Current BSU Projects

Past BSU Projects


Applications

Document Image Analysis can be applied to may applications beyond the desktop OCR package that comes with most commercial scanners or PDF readers. Some applications include:

  • Reading books and documents for visually impaired
  • Conversion of books to digital libraries
  • Signature verification
  • Reading license plate or cargo container numbers
  • Reading road signs for autonomous or semi-autonomous vehicles
  • PDA or tablet PC technology
  • Sorting of large document datasets (legal, historical, security)
  • Search engines on the Web

Motivation

Document Image Analysis aims to develop algorithms and processes through which machines (computers) can automatically read and develop some basic understanding of documents.
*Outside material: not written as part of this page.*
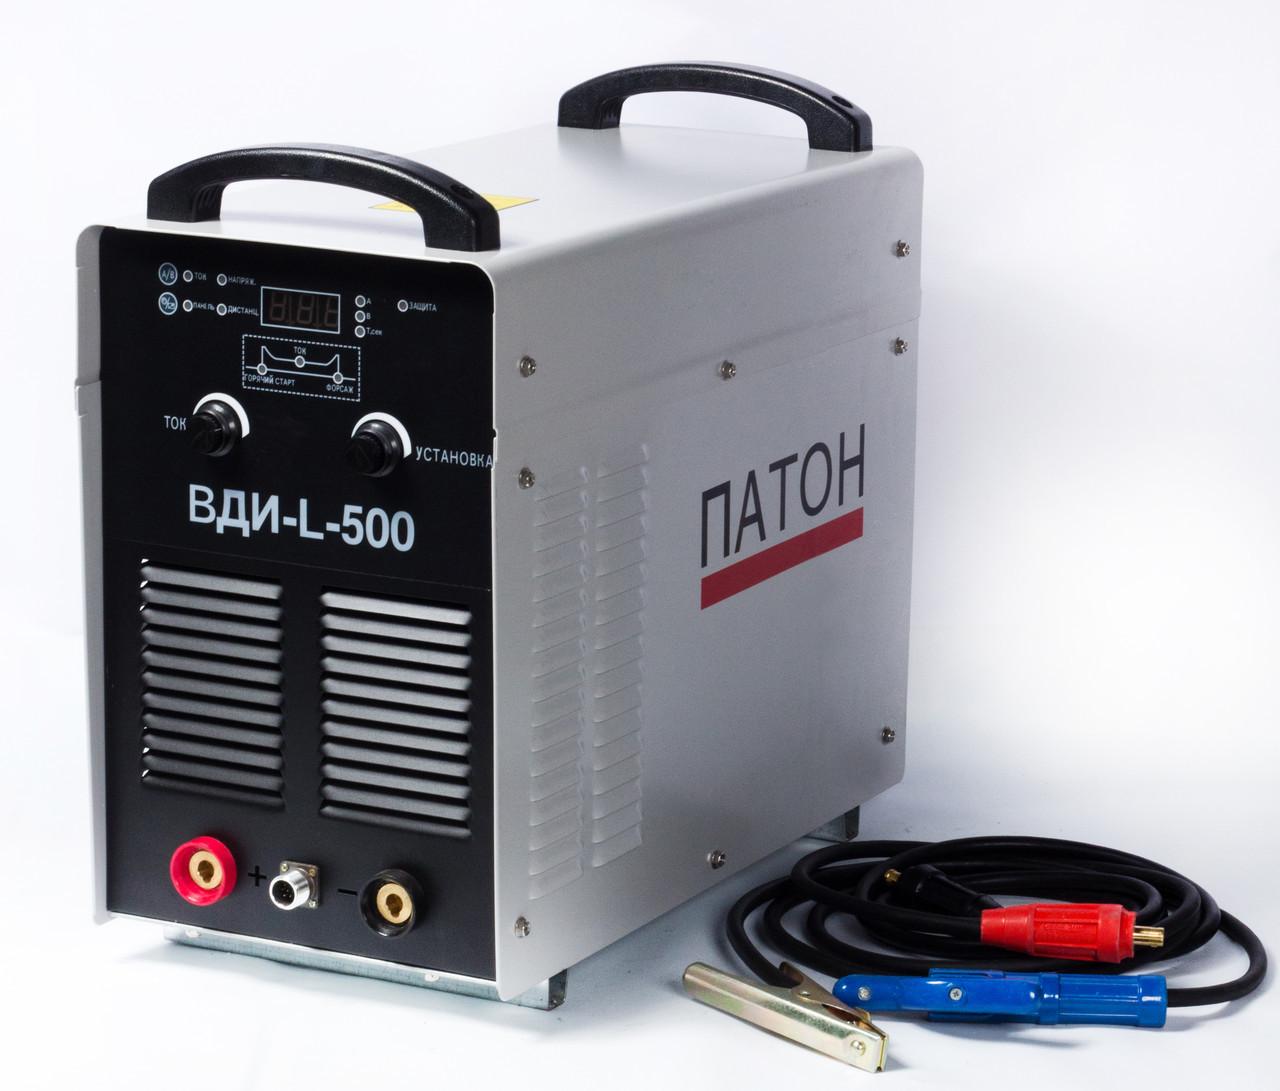 Выпрямитель инверторный ВДИ-L-500 DC MMA

Documents include

  • Machine printed documents – such as memos, letter technical reports, books.
  • Hand written documents – personal letters, addresses on postal mail, notes in the margins of documents.
  • On-line handwritten documents – writing on PDAs or tablet PCs.
  • Video documents – annotating videos based on text in the video clips.
  • Music scores – turning sheet music into MIDI or other electronic music formats.

The growth of the World Wide Web has made it easier to make information publicly available, but to make that information useful it must be in computer readable form so it can be searched and the items of interest retrieved. Documents are converted to computer readable form through the process of Document Image Analysis (DIA) which encompasses the process of Optical Character Recognition (OCR). An image of a document is made and the text content must be recognized in order to be searchable. An automated OCR system can reduce the time needed to convert a document to computer readable form to 25% of the time a human needs to hand enter the same data. Although much effort has been dedicated to developing methods of automatically converting paper documents into electronic form, and OCR products are commercially available, often for free, many documents that are easy for humans to read still have only 92% recognition accuracy. This is too high to remove the human from the process, increasing the time and cost of document conversion. Thus there is a need for further research in this field.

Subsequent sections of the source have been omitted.